Throughout the existence and execution of the construction agreements, it was the established practice of LC, each time it had concerns to approach Abcede and Santos as representatives. As far as LC was concerned, these two were the fully authorized representatives of P. Thus, when they entered into the 36M agreement, PRHC effectively agreed thereto. In fact, correspondences to the construction manager that were addressed to or that had to be noted by P were most of the time coursed through and noted by Santos. Likewise, its correspondences to LC were signed by him alone. Santos testified that, as VP and general manager of P, he was responsible for the implementation of the policies of the board. Also, Abcede and Santos signed the additional agreements for garage and concretizing, and these were not questioned by P.

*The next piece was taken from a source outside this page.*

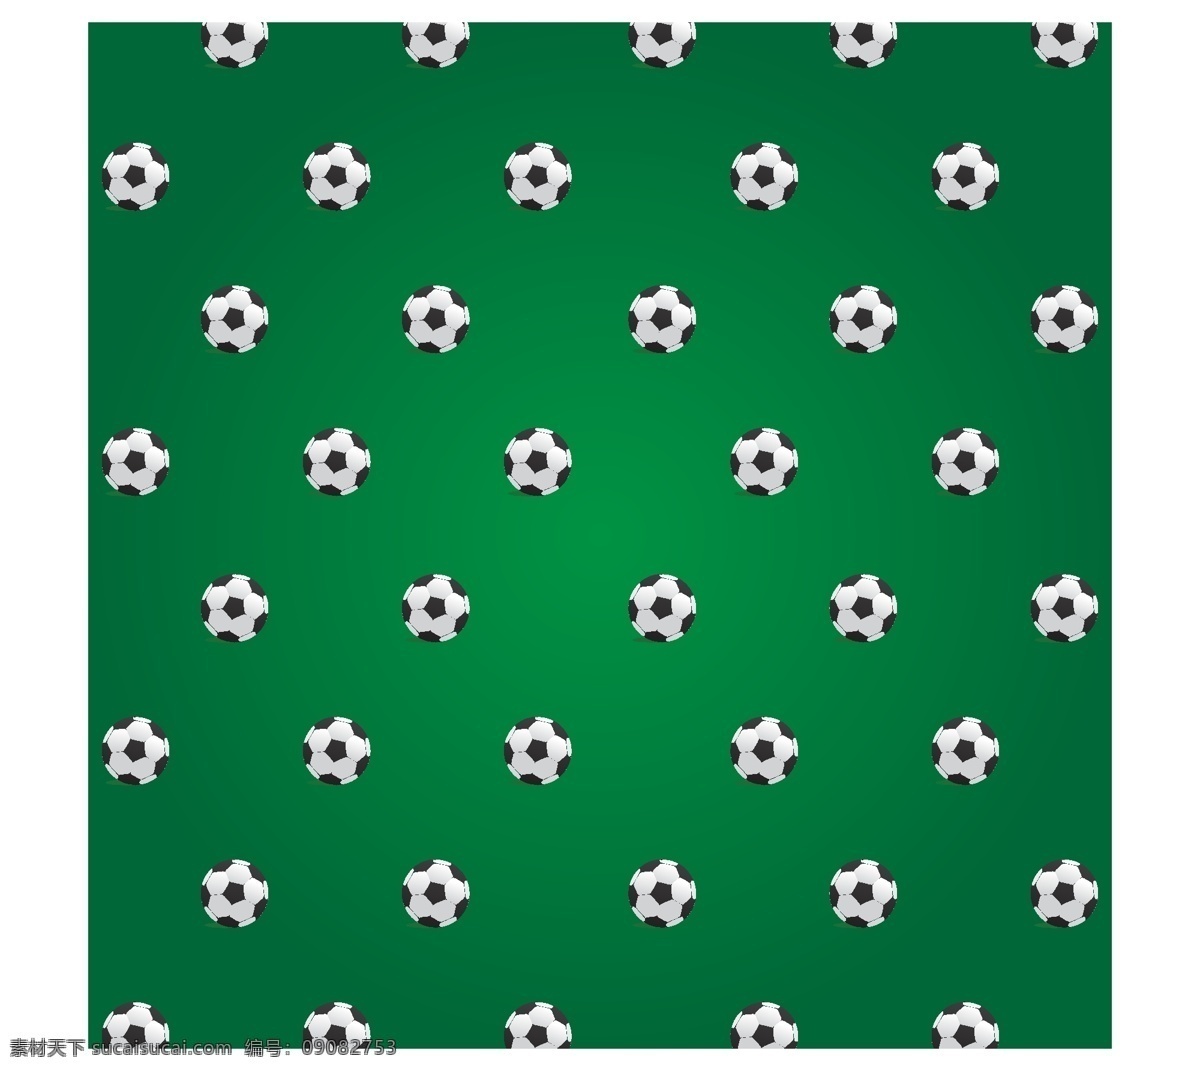 足球比赛用球 背景 模式 足球 体育 壁纸 游戏 团队 球 无缝 图案背景 绿色

Also, P does not question the validity of its letter to LC seeking novation, which was signed by Santos under the words Approved: Phil. Realty & Holdings Corp. This letter was signed by Abcede, again as the construction manager, while Santos signed above PHIL. REALTY & HOLDINGS CORP., which was notably the unsigned part in the 1991 letter-agreement on the 36M escalation. This is additional evidence that P had given Abcede and Santos the authority to act on its behalf in making such a decision or entering into such agreements with LC.

We rule that Santos and Abcede held themselves out as possessing the authority to act, negotiate and sign documents on behalf of PRHC; and that PRHC sanctioned these acts. It would be the height of incongruity to now allow PRHC to deny the extent of the authority with which it had clothed both individuals. We find that Abcedes role as construction manager, with regard to the construction projects, was akin to that of a general manager with regard to the general operations of the corporation he or she is representing.

Consequently, the escalation agreement entered into by LC and Abcede is a valid agreement that P is obligated to comply with. This escalation agreement whether written or verbal has lifted, through novation, the prohibition contained in the Tektite Building Agreement. However, the maximum amount of P's liability to LC is 36M the amount agreed upon in the letter.